Paul Arnett and Dan Brattain serve as auctioneers while Jamie Fairchild displays a quilt for bid. (Photo by Deanna Bansemerof Memories by Deanna).
Paul Arnett and Dan Brattain serve as auctioneers while Jamie Fairchild displays a quilt for bid. (Photo by Deanna Bansemerof Memories by Deanna).

Pilot story by Andrea Barkan

The annual Bruin Bash Auction garnered $10,800 April 2 –a new record for the Safe-n-Sober fundraiser.

Ironically, less people than usual attended this year's auction at Brookings-Harbor High School, coordinator Bill Coons said.

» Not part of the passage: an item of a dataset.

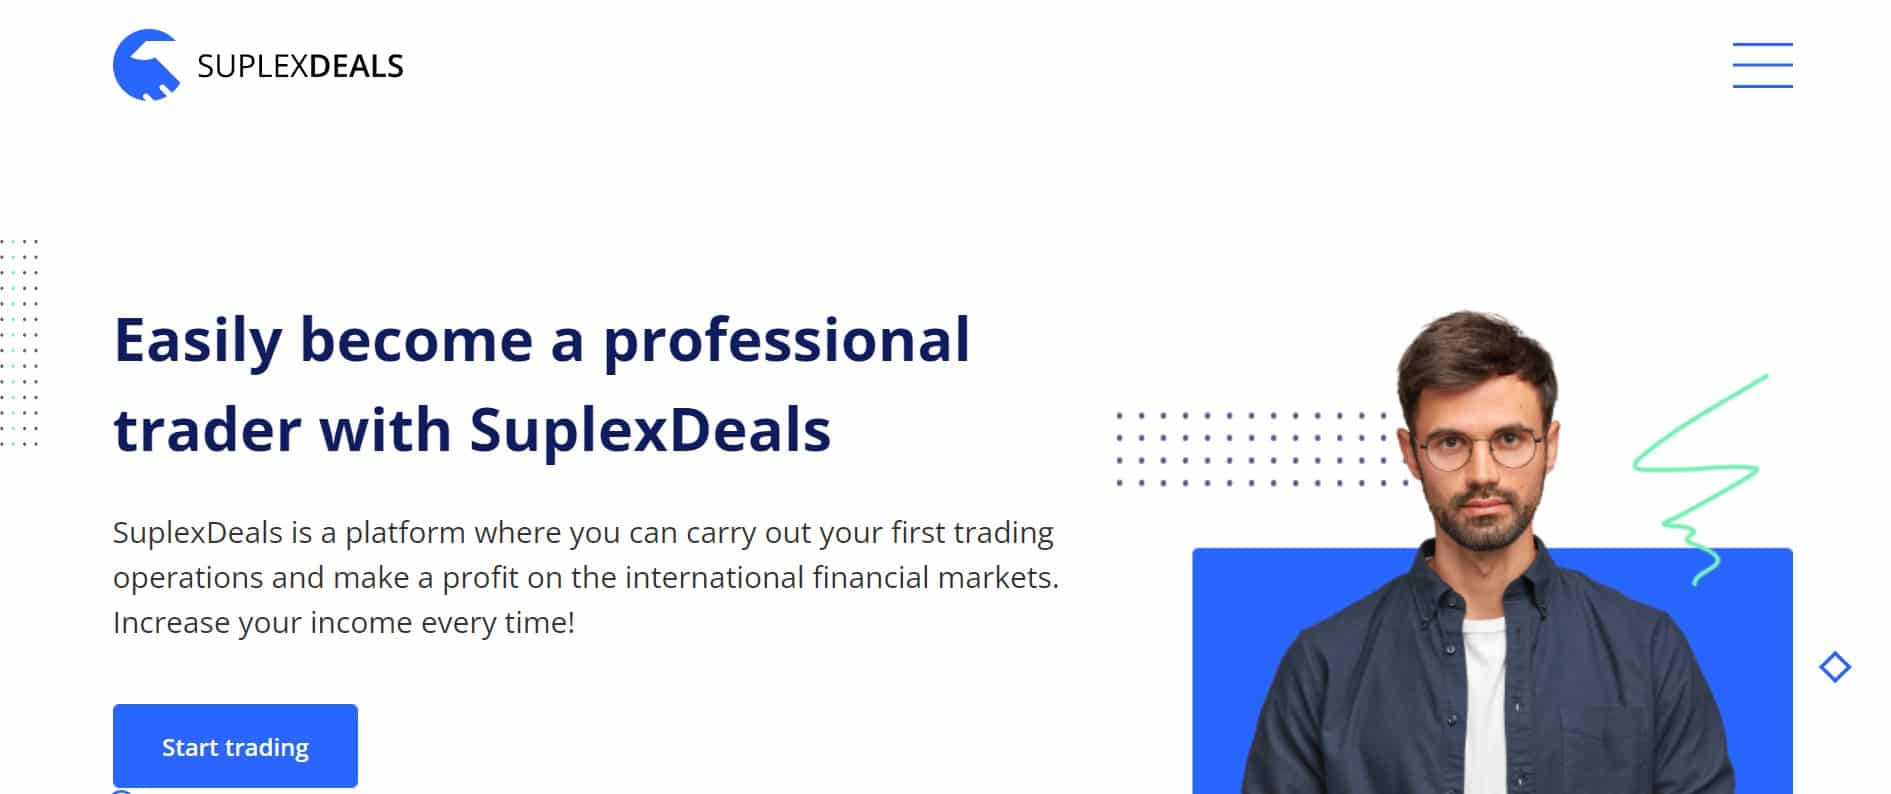 SuplexDeals website
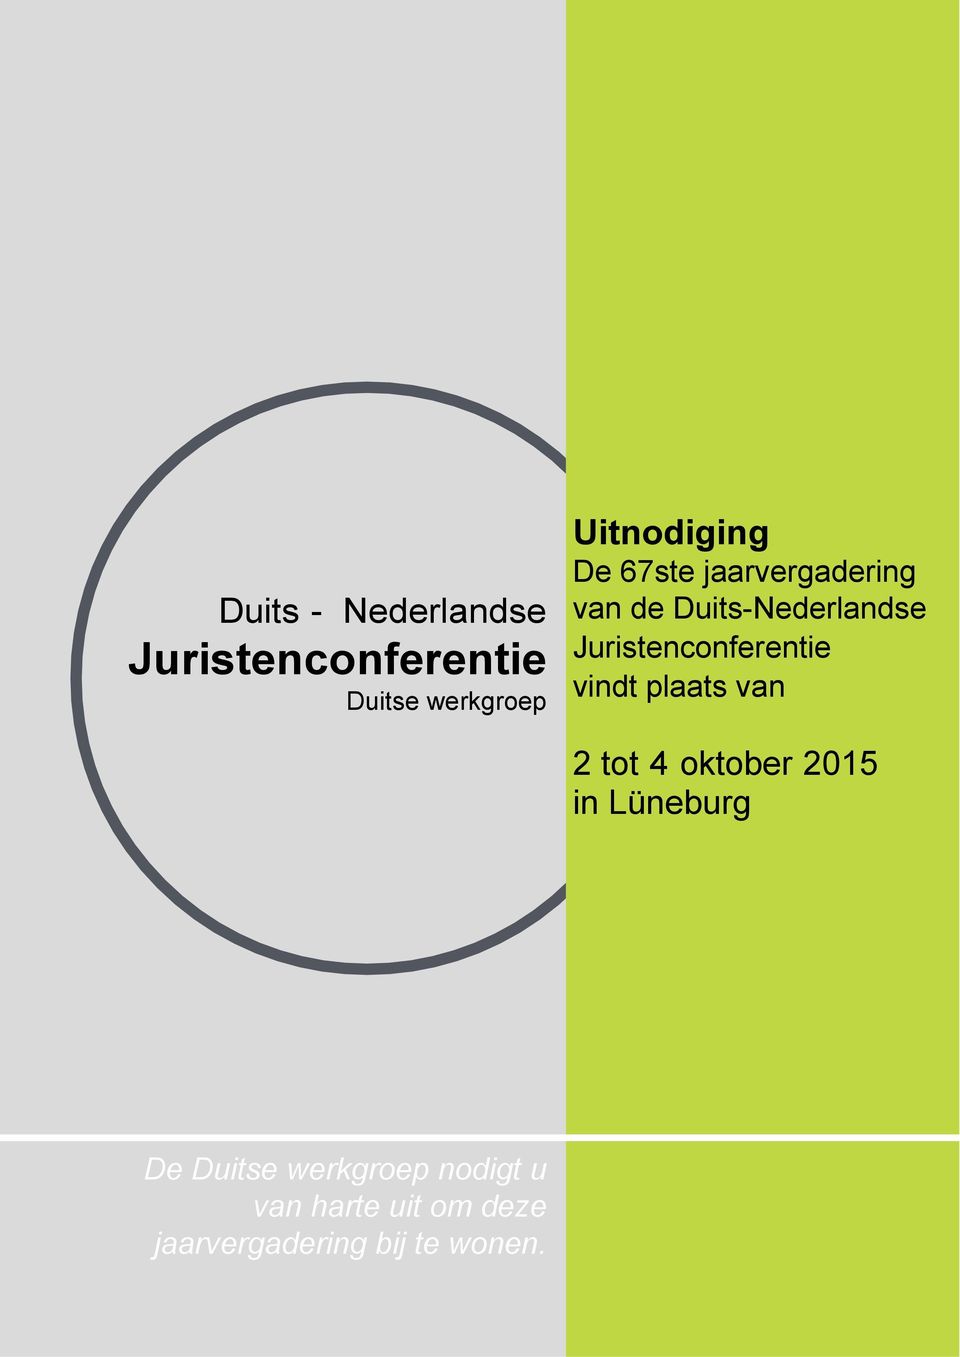 Juristenconferentie vindt plaats van 2 tot 4 oktober 2015 in

The Safe-n-Sober Parent Committee solicited auction items from 578 individuals and businesses, Coons said.

Things looked grim the morning of the auction. Coordinators Bill and Sandy Coons thought they didn't have enough stuff.

But community members came through.

"Then somebody shows up with a pickup load," Bill said. "Then somebody else says, ‘(You) forgot about my stuff.'"

The organizers' goal of $7,000 was quickly surpassed as bidders bought everything from a pool table to plumbing fixtures.

Dan Brattain and Paul Arnett shared auctioneer duties this year.

"They worked well together," Bill said.

Other interesting items included karaoke machines, motorcycle apparel, auto equipment and paintings, he said.

Money from the Bruin Bash pays for the Safe-n-Sober graduation night party at Wild River Pizza.

A small portion of funds go to rent the venue and pay for party supplies. Parent organizers use the rest to buy a plethora of prizes for graduates.

"We try to give the kids something that is useful and practical after school," Bill said.

This year, prizes will include laptop and desktop computers, furniture and tool kits.

The Safe-n-Sober Parent Committee is also searching for a camera company that could give them a price break for a bulk order.

If they could buy 128 digital cameras for $40 each, every BHHS graduate could get one, Bill said.

Every graduate always gets a goody bag at the party, Bill said.

Historically, 100 percent of graduates have attended the annual party, which parents put on to keep students out of trouble on their big night.

"We're trying to contain the kids the night of graduation so they don't do something I wish they never would have," Bill said.

"If we prevent one kid from becoming abused, hurt or mangled for life, it's worth everything we've done," he added.